New international data support rapid aquaporin-4 antibody testing to improve earlier diagnosis and access to care in NMSOD

Accurate and timely antibody testing remains central to improving outcomes in neuromyelitis optica spectrum disorder (NMOSD), where early diagnosis can help prevent irreversible disability and guide the use of highly specific therapies.

At American Academy of Neurology 2026, Assistant Professor Matteo Gastaldi, Head of the Neuroimmunology Research Unit in Pavia, Co-Head of the Neuroimmunology Diagnostic Laboratory and Assistant Professor at the University of Pavia, Italy, discussed new international data evaluating the rapid iDOT assay as a potentially accessible and reliable alternative to conventional cell-based testing, with important implications for earlier diagnosis and wider global access to care.

Presented at AAN 2026: International Evaluation of the Aquaporin-4 Antibody Rapid Idot Test. LS1: Late-breaking Science 1. April 18-22, Chicago, USA.

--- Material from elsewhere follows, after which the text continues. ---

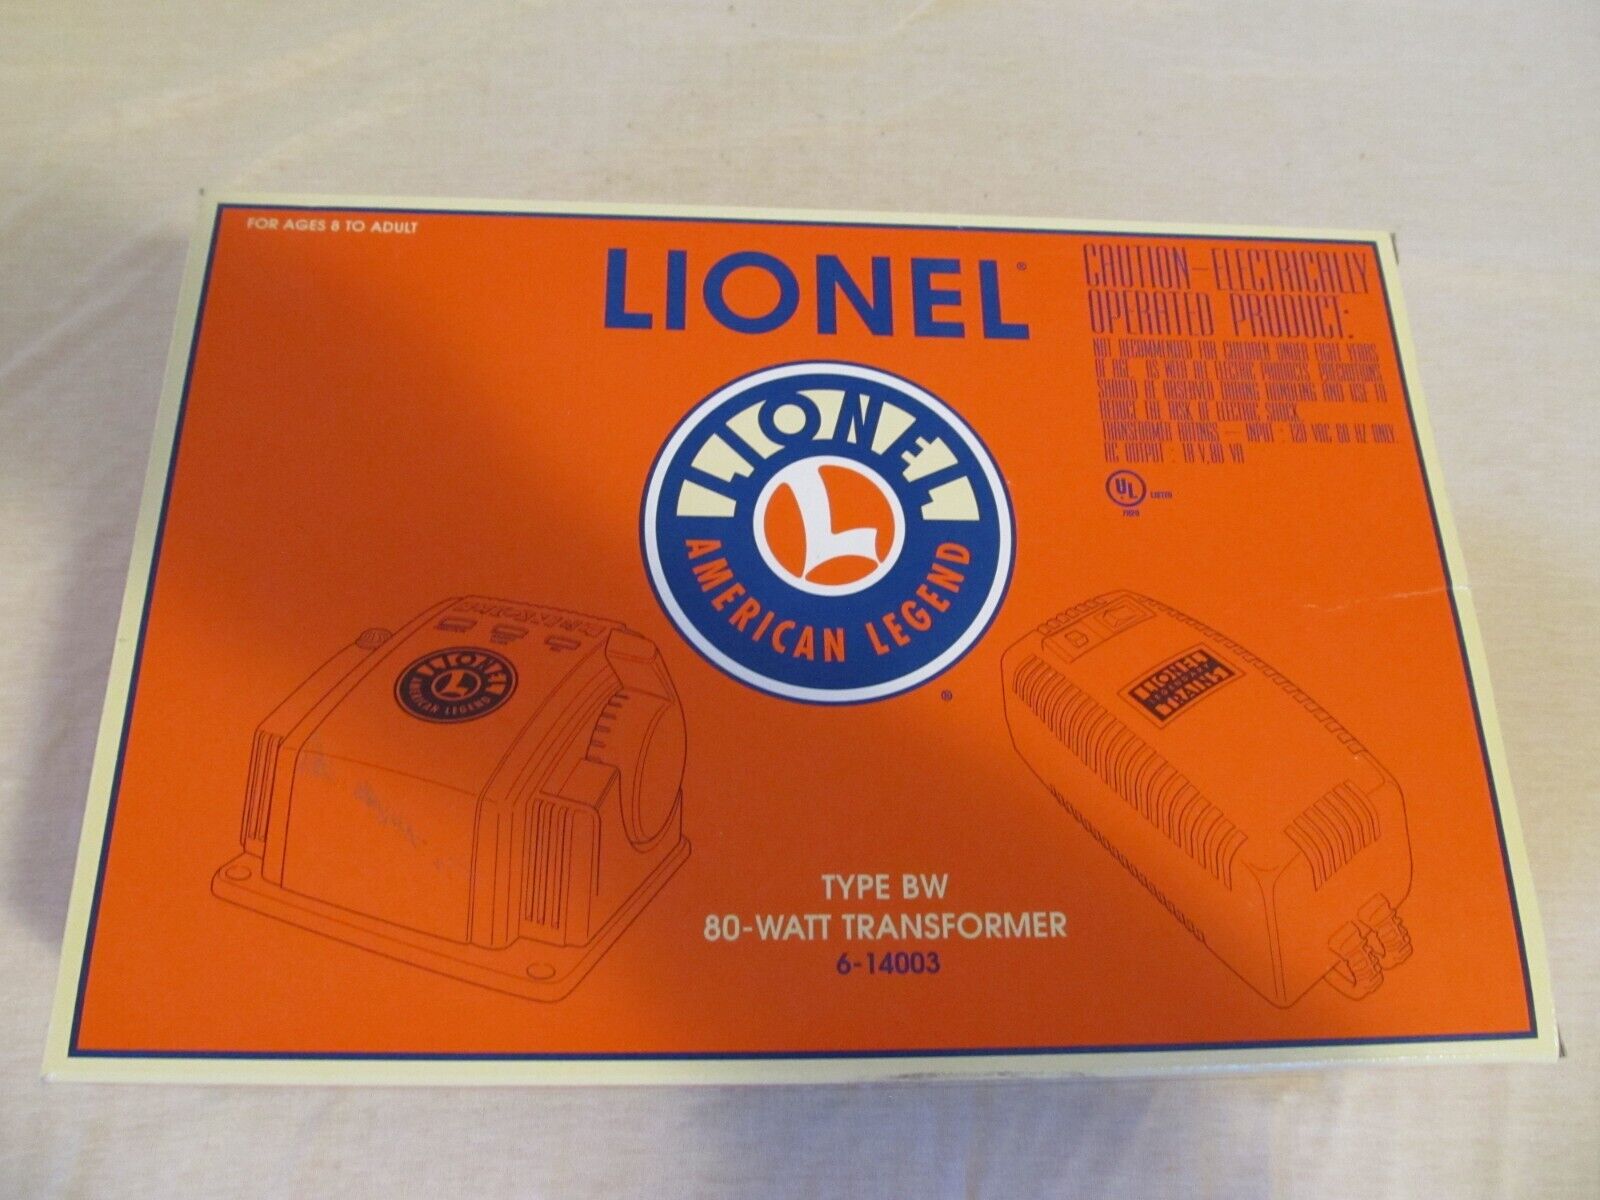 Lionel 80-watt Transformer  #6-14003

Q. Could you give us a brief overview of NMOSD and why accurate aquaporin-4 antibody testing is so important for diagnosis and management?

AQP4 antibodies are crucial biomarkers for confirming a diagnosis of NMOSD and distinguishing it from other common demyelinating disorders such as multiple sclerosis and myelin oligodendrocyte glycoprotein antibody-associated disease (MOGAD). This distinction is essential because the treatment strategies for these conditions are very different.

Q. What was the rationale for evaluating the rapid iDOT assay internationally, and how was this study designed to assess its performance across multiple centers?

The current gold standard for AQP4 antibody detection is the cell-based assay (CBA). However, CBAs require expertise and laboratory facilities that are not always available, particularly in low-income countries. iDOT could represent a lower-cost alternative that can be used in a wider range of laboratories, while already having shown promising accuracy.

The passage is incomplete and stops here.